* [Information provided]:
▶

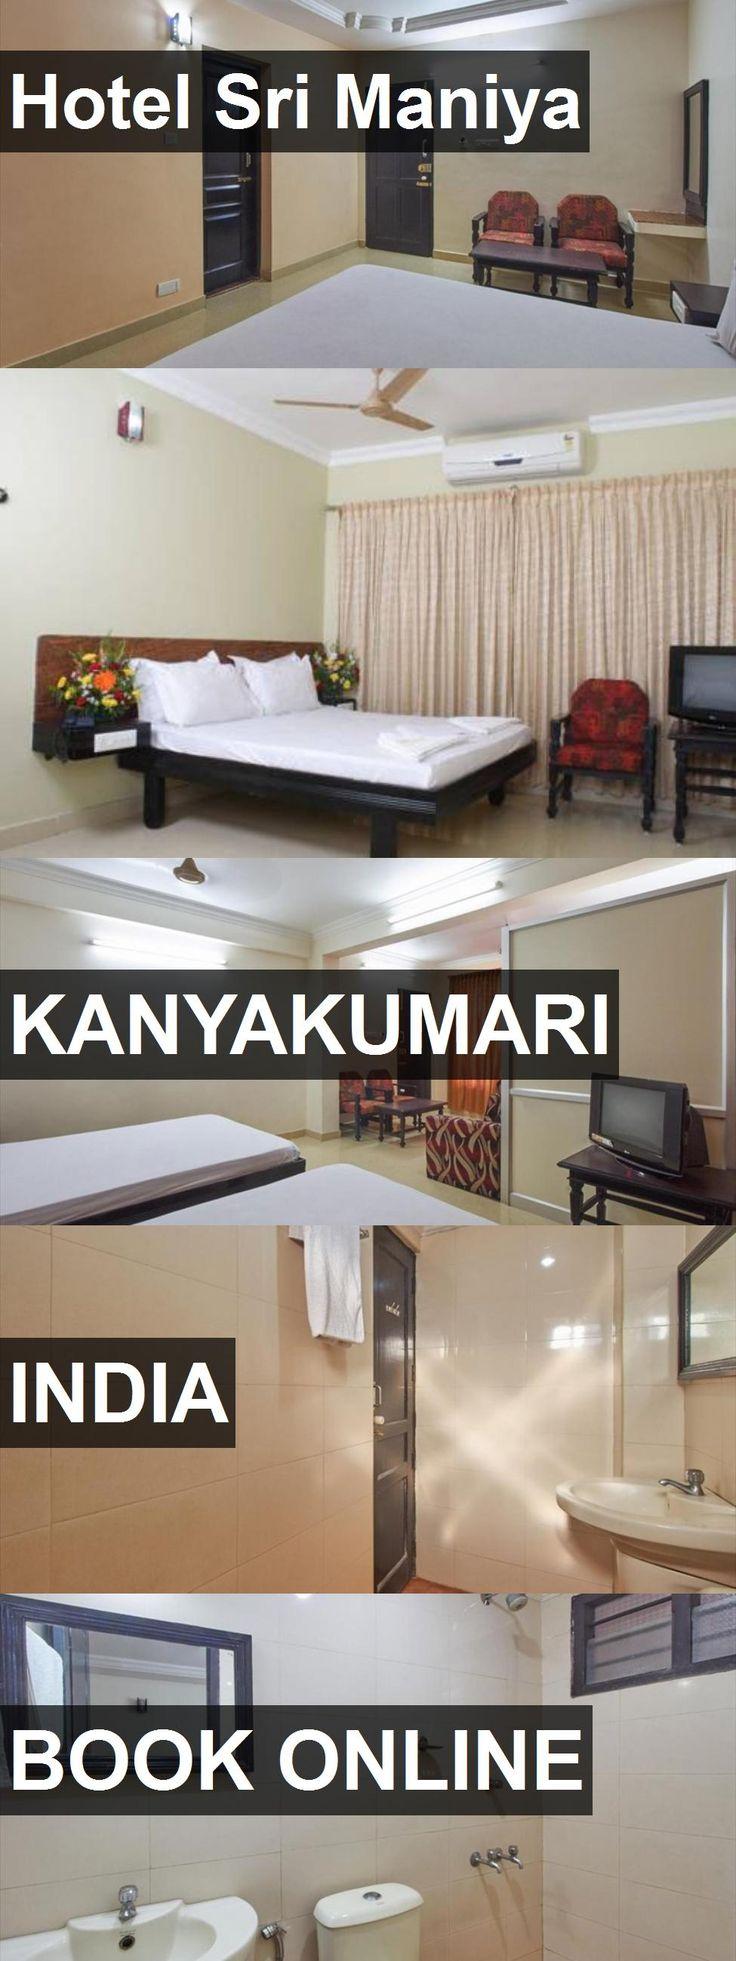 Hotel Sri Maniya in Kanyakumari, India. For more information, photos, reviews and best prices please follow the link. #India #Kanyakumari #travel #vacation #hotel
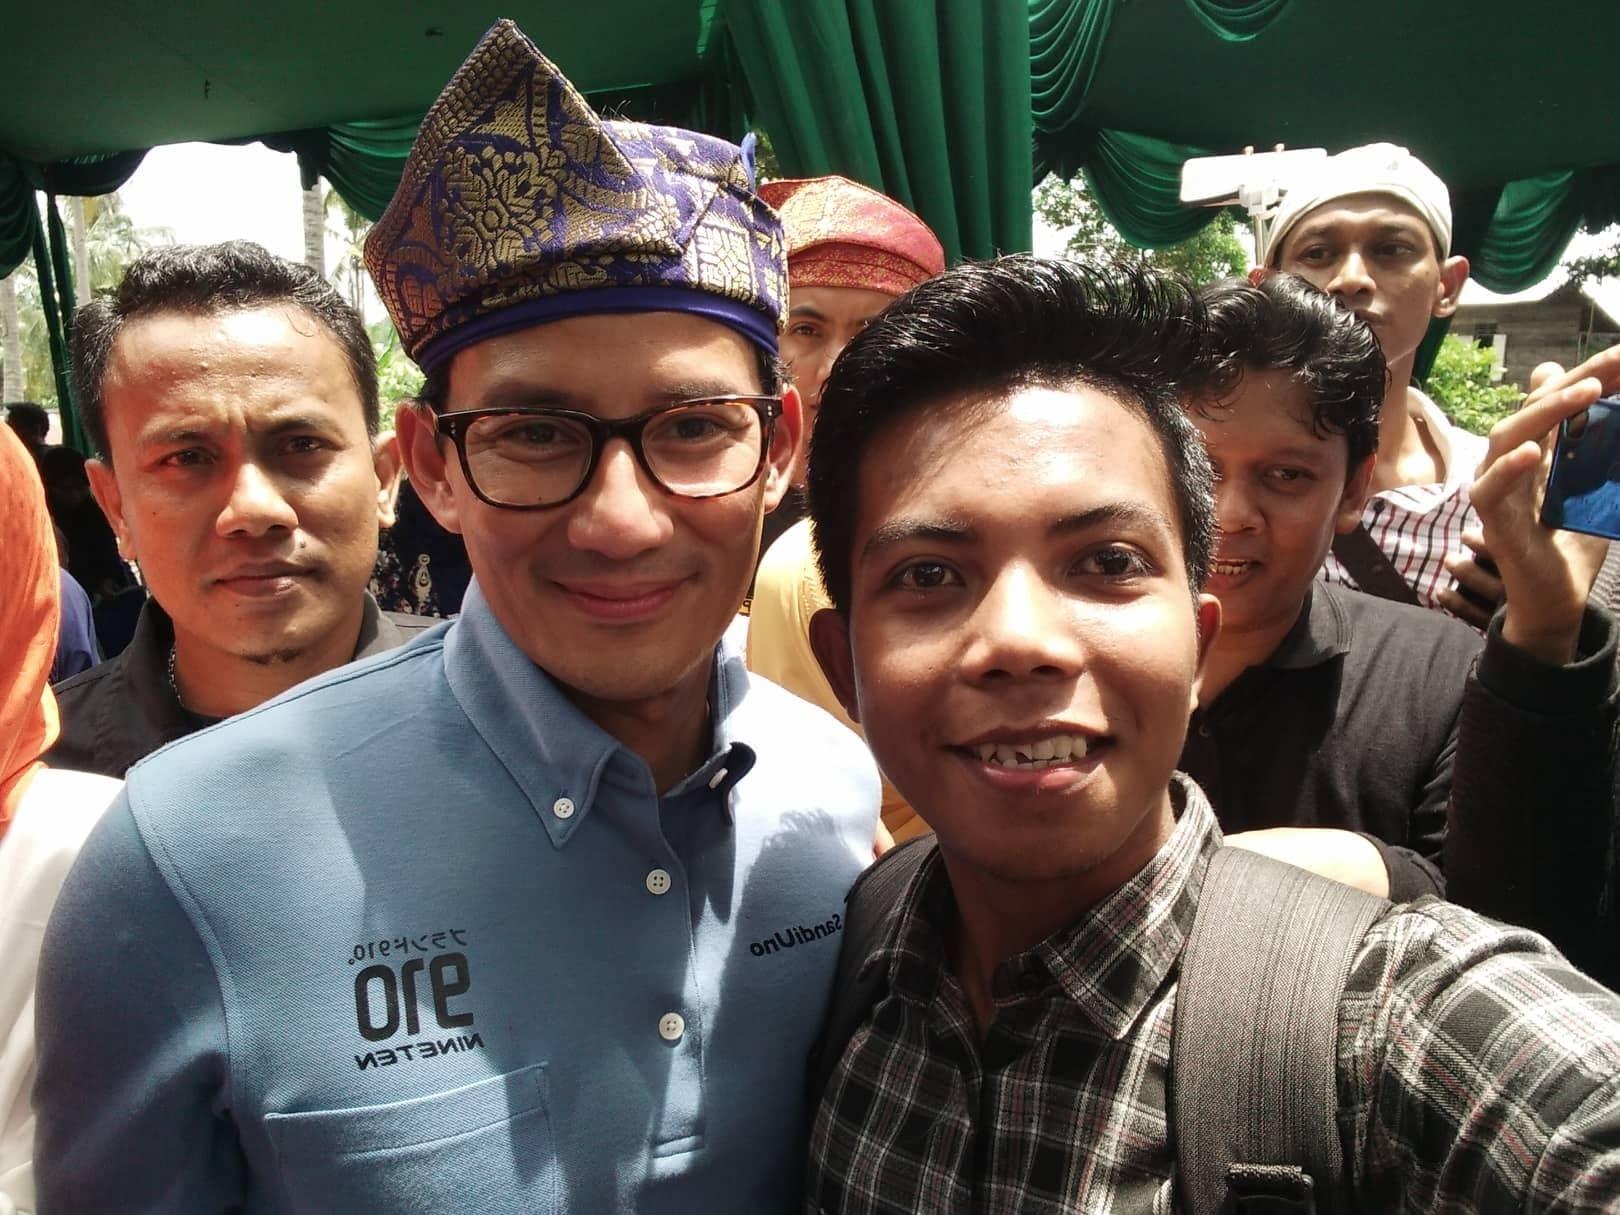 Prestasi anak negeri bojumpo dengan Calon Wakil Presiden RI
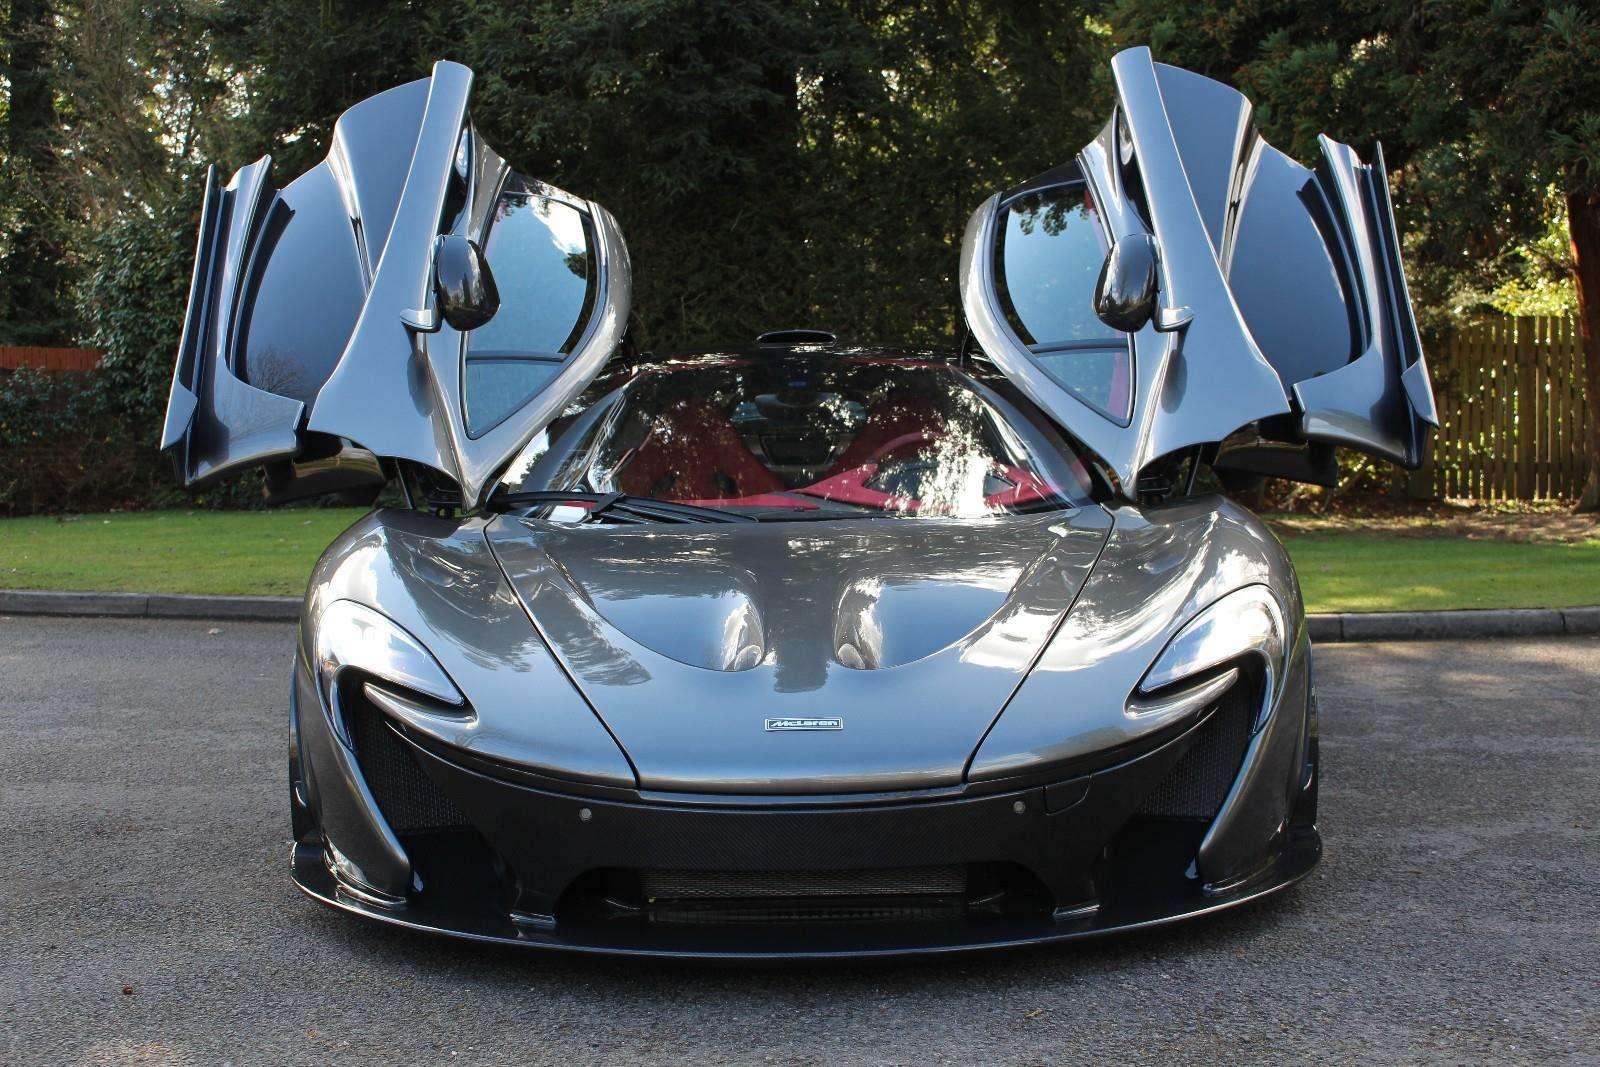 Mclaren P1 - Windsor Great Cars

◀

* [Work required]: Should there be pictures in the data, leave them out and return the rest exactly.

* [Completed task]:
 Hotel Sri Maniya in Kanyakumari, India. For more information, photos, reviews and best prices please follow the link. #India #Kanyakumari #travel #vacation #hotel
 Prestasi anak negeri bojumpo dengan Calon Wakil Presiden RI
 Mclaren P1 - Windsor Great Cars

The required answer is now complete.